108.     This conduct of the plaintiff as regards the advancement of this aspect of her claims, together with her very significant delay in seeking to make that claim in a proper fashion, are such as to weigh in the scales against the grant of the amendment. However, I think that such conduct including delay can be appropriately marked in costs and is not such as to disentitle the plaintiff from making a case in grooming at the re-trial. In arriving at that conclusion, I have regard to the gravity of the allegations; the fact that the claims in grooming arise out of substantially the same facts as were the subject of the original pleading and evidence at the original trial; the fact that those claims were (at least in broad albeit unpleaded terms) were  the subject of submissions at the original trial (and before the Court of Appeal) and where I am not persuaded that the defendants will be materially prejudiced by the fact of this belated amendment.

 

109.     Finally, I should note that counsel for the school urged me to conclude that the plaintiff's approach to the application to amend her pleadings fell within the exceptional category of abuse of conduct which was found to exist in Quinn v IBRC (where the Court of Appeal effectively found that the plaintiffs there had made a deliberate tactical decision to hold back a claim "of very significant magnitude" from the case as originally pleaded and sought to shift position following an adverse decision on a preliminary issue - see judgment para 66)).  While I regard the plaintiff's approach to the amendment application as unsatisfactory (particularly as regards the approach taken to the proposed new claim in grooming and the delay in bringing the amendment application as a whole), I do not believe that the plaintiff's approach to the application was motivated by improper considerations or any strategic decision to deliberately hold back an application that could and should have been made at an earlier stage at the proceedings.

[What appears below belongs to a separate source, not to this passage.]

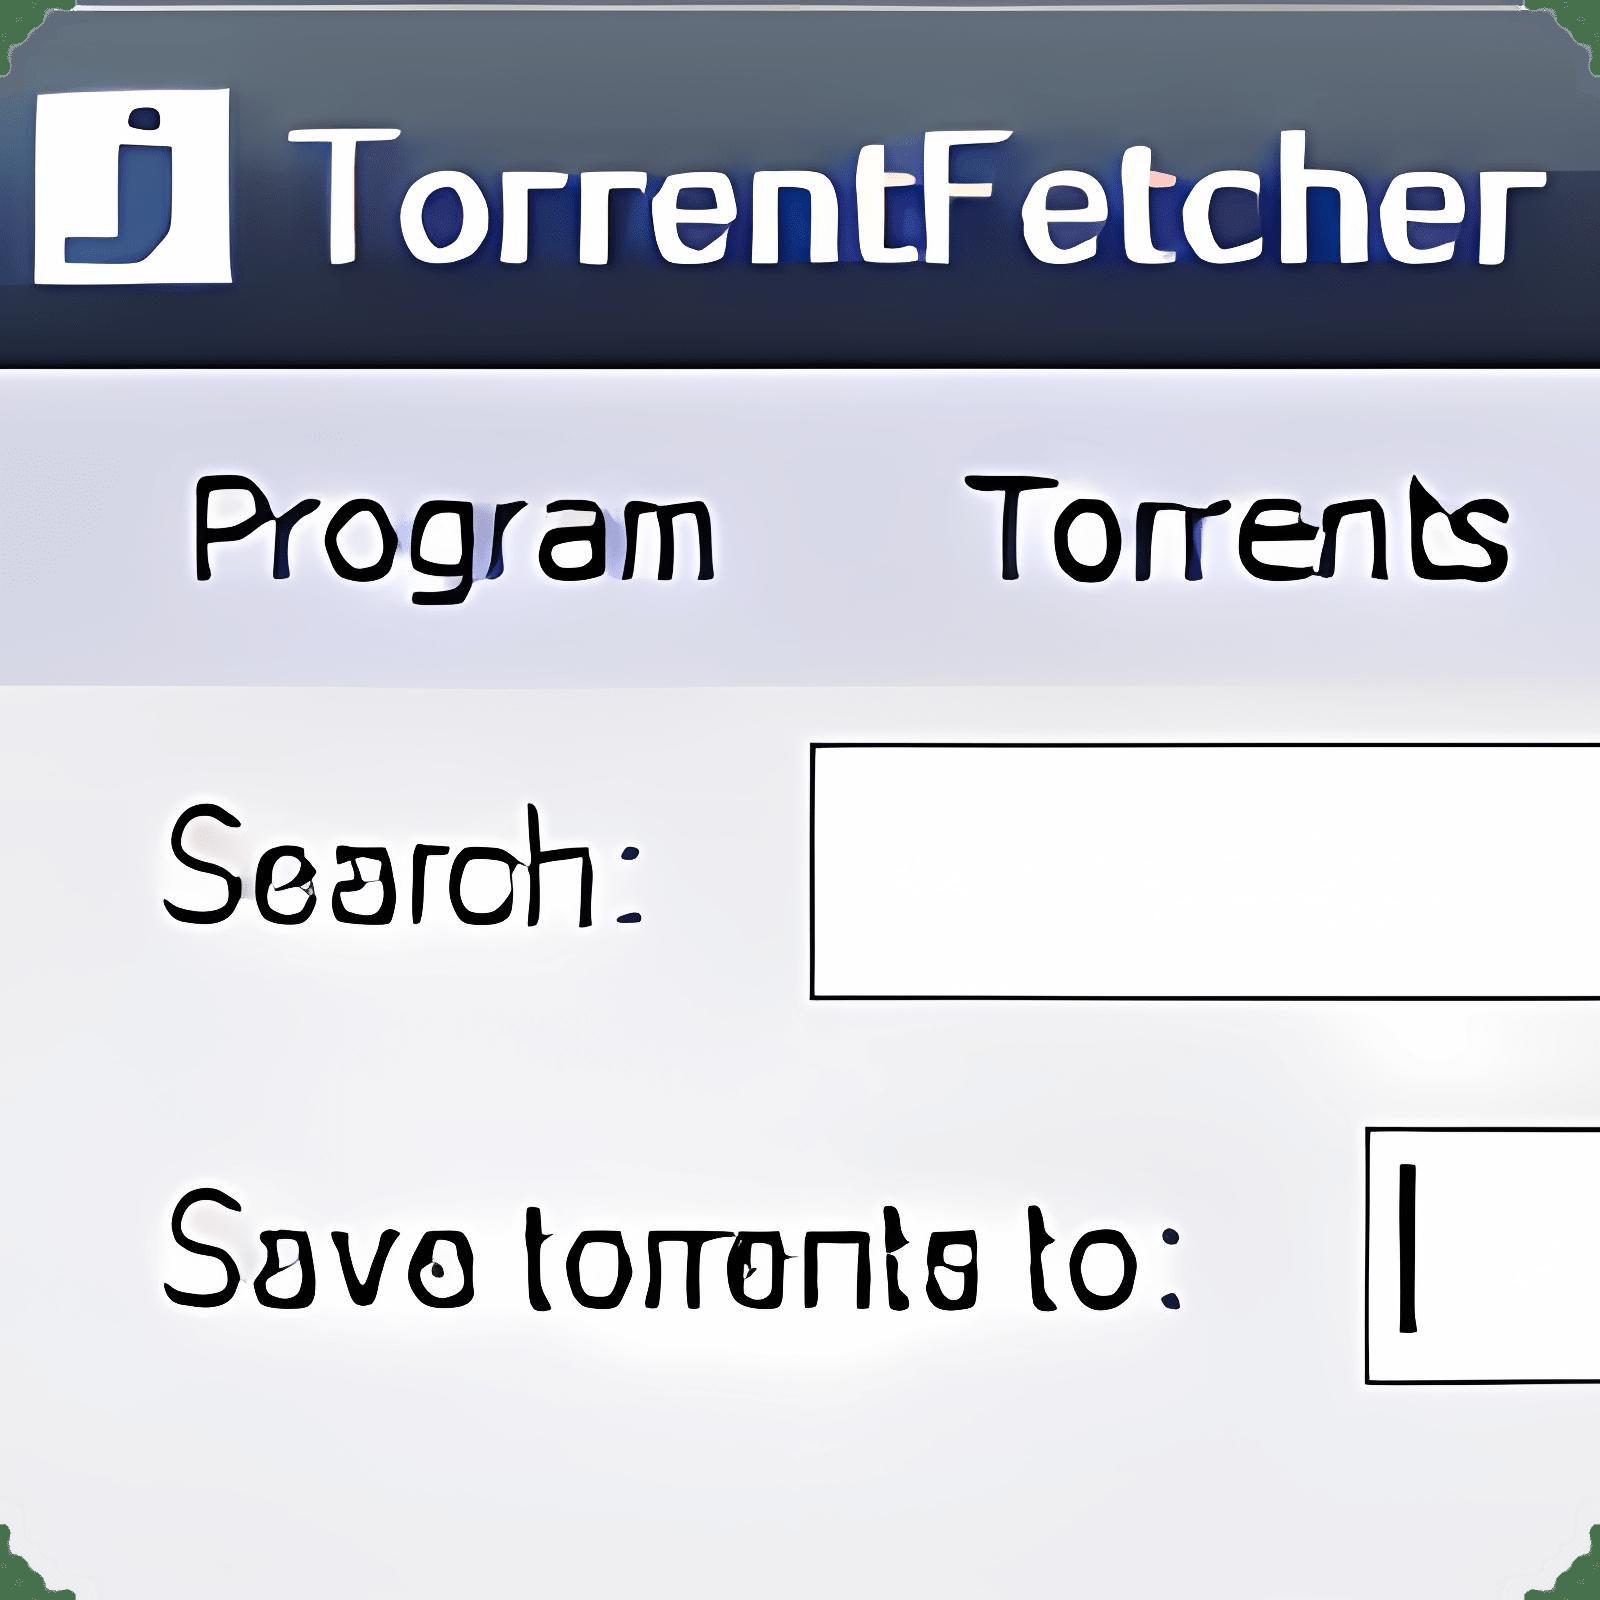 TorrentFetcher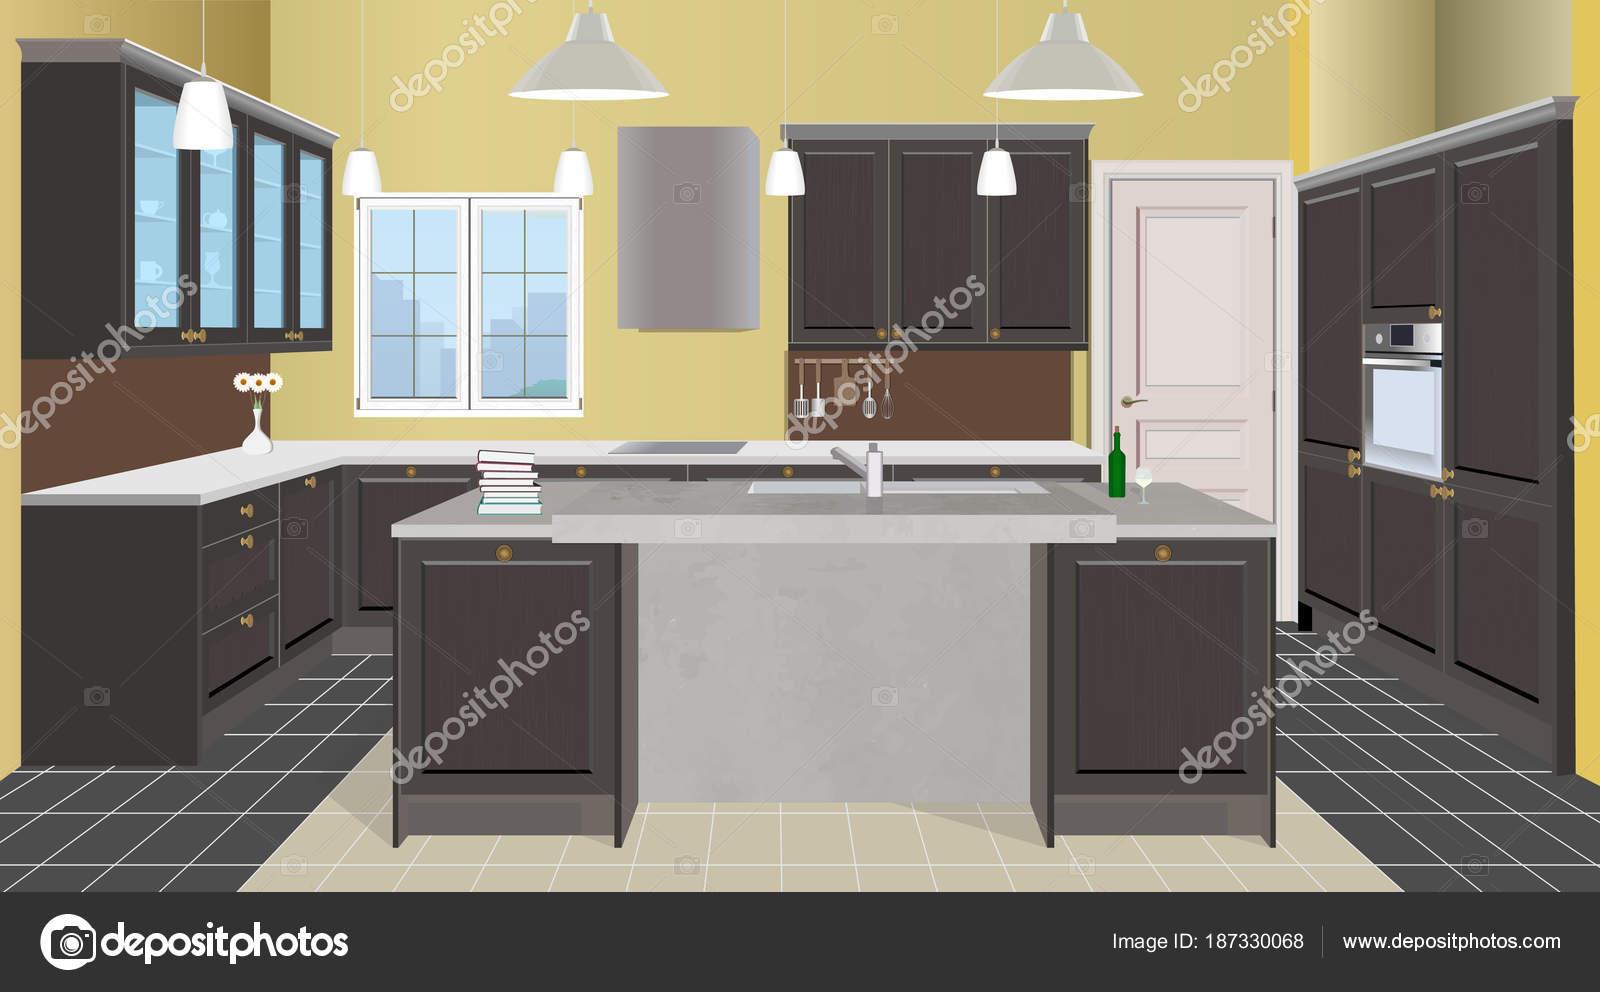 Bown Fundo Interior De Cozinha Com M Veis Projeto De Cozinha

Rather, the circumstances appear to reflect a delay in engaging with the pleading issues in a properly structured and timely way. For the reasons already outlined, I believe that the interests of justice are best served by the question of the plaintiff's conduct being addressed in an appropriate order as to costs rather than in denial of the amendment application.

 

110.     In all those circumstances, I will grant the plaintiff's application to amend her statement of claim to include the proposed claims in grooming.

 

Other proposed amendments

 

111.     As regards the remaining amendments sought to be made to the plaintiff's plenary summons and statement of claim, I will permit the deletion of false imprisonment as a claim; the proposed change to the plaintiff's description and the addition of an extra particular of vicarious liability as against the second defendant. While the defendants opposed the proposed removal of the claims as against the third defendant, I think it would be in ease of the judge dealing with the re-trial to have the claims pleaded against the third defendant in the original statement of claim removed for ease of presentation. The third defendant will remain named as a party in the proceedings which is appropriate in circumstances where the third defendant has the benefit of a costs order against the plaintiff.

 

Conclusion

 

112.     I will circulate a revised version of the plaintiff's further proposed amended statement of claim which highlights in underline those amendments which I am permitting as a result of this judgment.

 

113.     I should only add that, once any revised defences to the amended statement of claim have been delivered, the plaintiff should make an application for a trial date without delay and for all necessary case management steps (including exchange of reports as required under SI 391/1998) to ensure that the re-trial occurs as soon as is reasonably possible with all of the necessary pre-trial steps being completed properly and expeditiously.